Most RL environments for LLMs test reasoning on synthetic puzzles. Real data engineering requires **domain reasoning** — knowing that `Glucose=0` is medically impossible, that `capital-gain` needs a log transform, that removing 30% of rows will hurt generalization even if it improves cross-validation accuracy.

This environment forces the agent to develop that domain knowledge by grounding rewards in **published accuracy benchmarks** on real UCI datasets.

---

## Live Demo

**Environment server:** https://huggingface.co/spaces/Aswini-Kumar/datacentric-env

- `GET /docs` — Interactive Swagger UI
- `GET /health` — Status + active sessions
- `POST /reset` — Start a new episode

---

## The 5 Real Datasets

| Dataset | Domain | Published Baseline | Key Issues |
|---|---|---|---|
| [UCI Adult Census](https://archive.ics.uci.edu/dataset/2/adult) | Income prediction | **87.1%** | 14% `?` missing, capital-gain 97% zero, education/education-num redundant |
| [Pima Indians Diabetes](https://www.openml.org/d/37) | Medical diagnosis | **77.0%** | Glucose=0, BloodPressure=0, BMI=0 are medically impossible (zeros = missing) |
| [Wisconsin Breast Cancer](https://scikit-learn.org/stable/datasets/toy_dataset.html) | Medical imaging | **97.3%** | Correlated feature groups, outliers represent real rare tumors |
| [German Credit Risk](https://www.openml.org/d/31) | Credit risk | **76.8%** | Mixed categorical + numeric, 70/30 imbalance |
| [Cleveland Heart Disease](https://www.openml.org/d/1497) | Medical diagnosis | **85.5%** | 303 rows, real missing values in `ca` and `thal` |

Datasets download automatically on first run and are cached locally.
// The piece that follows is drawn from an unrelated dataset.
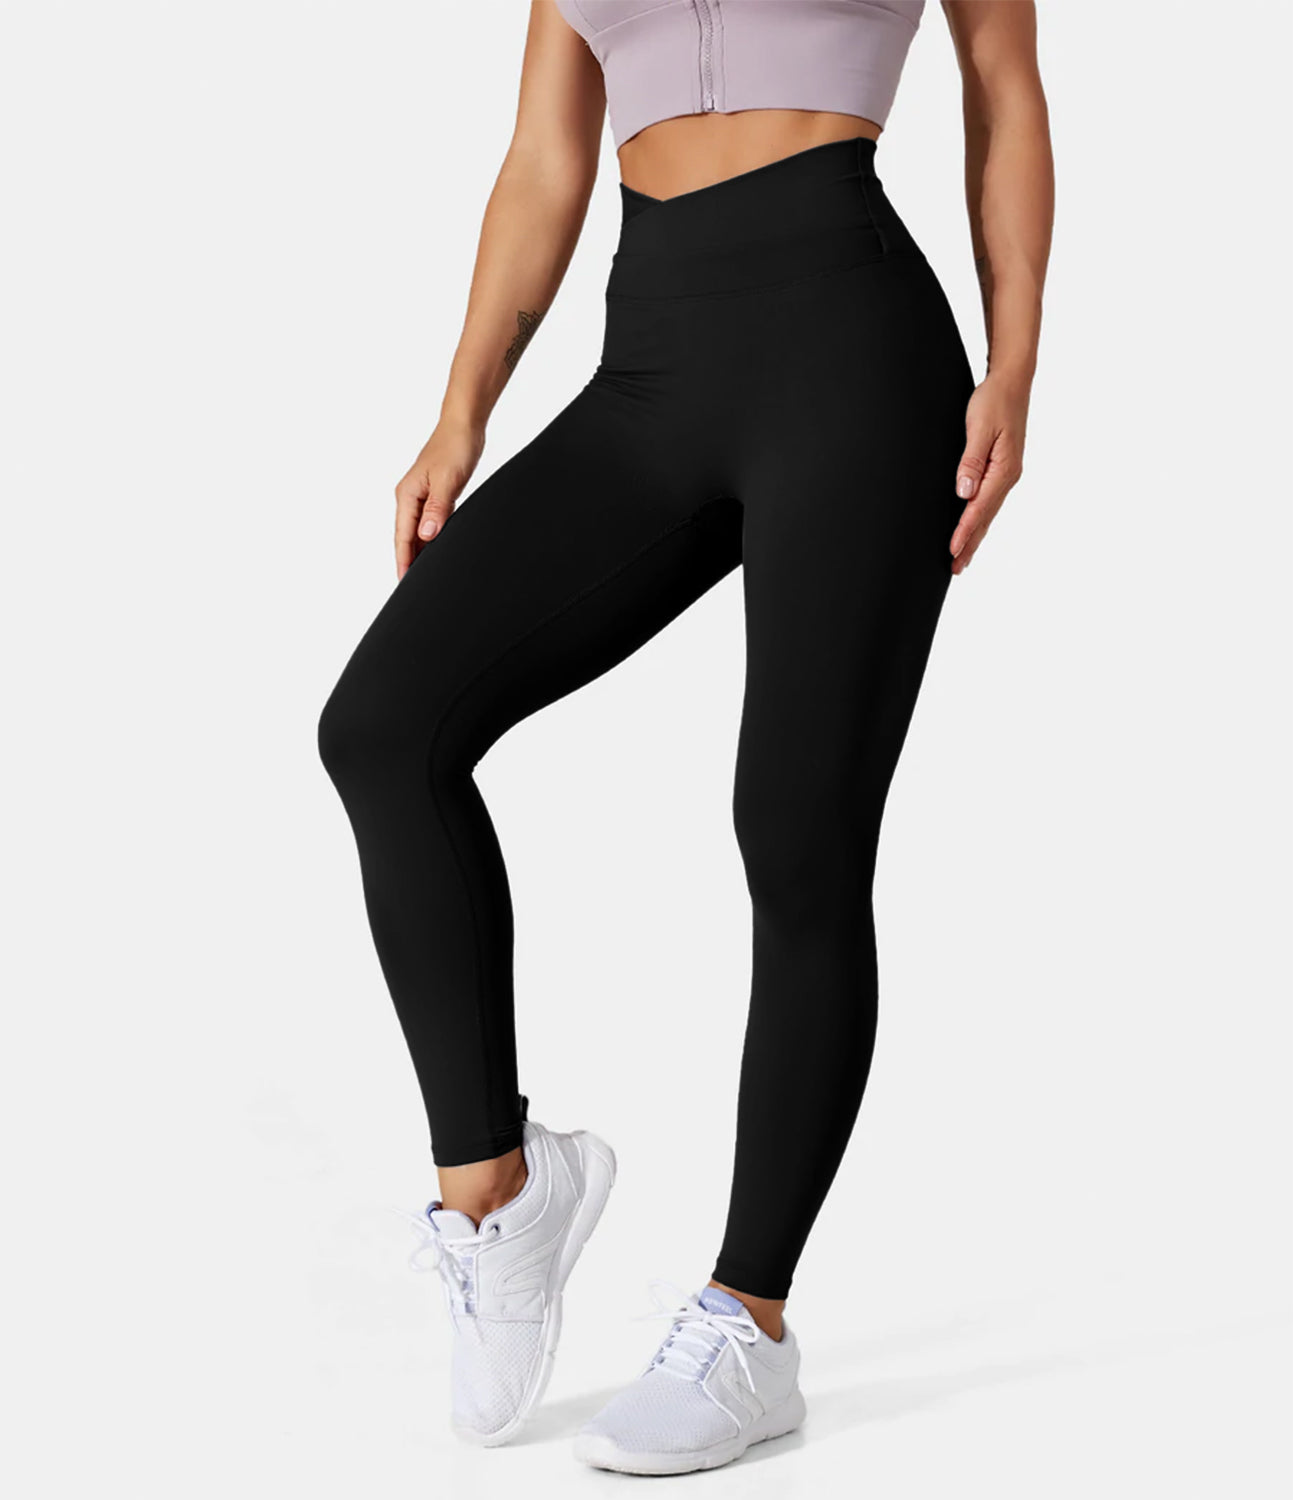 

Halara Cloudfulв„ў Fabric Crossover Color Block 7/8 Leggings - Turbulence -  gym leggings leggings with pockets leggings with butt lift

The server pre-loads all 5 at startup via a background thread.

---

## Architecture

```
POST /reset  →  Load real dataset  →  80/20 train/holdout split
               Agent sees train set (domain + known issues)
               Holdout is FROZEN — agent never sees or modifies it

POST /step   →  Query a specialist agent
               Agent reads recommendations (domain-informed)
               Agent applies the best recommendation

               Score = accuracy on FROZEN holdout
               Compared against published benchmark
```

### 5 Specialist Agents

| Agent | Action | What it does |
|---|---|---|
| **CleanerAgent** | `query_cleaner` | Missing values + zero-as-missing (domain-aware) + log-transform for skewed features |
| **AugmenterAgent** | `query_augmenter` | SMOTE-like interpolation to synthesize minority class rows |
| **BalancerAgent** | `query_balancer` | Oversample/undersample with explicit tradeoff explanation |
| **ValidatorAgent** | `query_validator` (cost 2) | Duplicates + outlier clipping (conservative 5x IQR for medical domains) |
| **AnalystAgent** | `query_analyst` (cost 2) | Holistic diagnosis + prioritized action plan + published baseline reference |

### What's Domain-Aware

The CleanerAgent knows:
- In `medical_diagnosis` datasets: zeros in physiological measurements are impossible — they're missing values → `zero_to_nan_impute`
- In `income_prediction` datasets: `capital-gain` has 97% zeros with heavy right skew → `log1p` transform
- Redundant features (e.g. `education` + `education-num`) → recommend dropping one

The ValidatorAgent knows:
- In medical domains, use 5x IQR instead of 3x — outliers may be real rare conditions
- In credit/income domains, use standard 3x IQR

---

## Reward Structure

All rewards strictly in `(0.001, 0.999)`. Every `/step` returns a full decomposition:

| Grader | Weight | What it measures |
|---|---|---|
| Format | 15% | Valid action with required fields |
| Accuracy | 35% | Progress toward target on **frozen holdout** |
| Quality | 20% | Missing% reduction + class balance improvement |
| Efficiency | 15% | Penalizes wasted steps and low-budget expensive queries |
| Completion | 15% | Bonus for hitting target, scaled by remaining budget |

---

## New in v0.5

### Rollback Action
```json
{"action": "rollback", "session_id": "..."}
```
Undoes the last apply. Max 3 per episode. Costs 1 budget. Real data engineers do this.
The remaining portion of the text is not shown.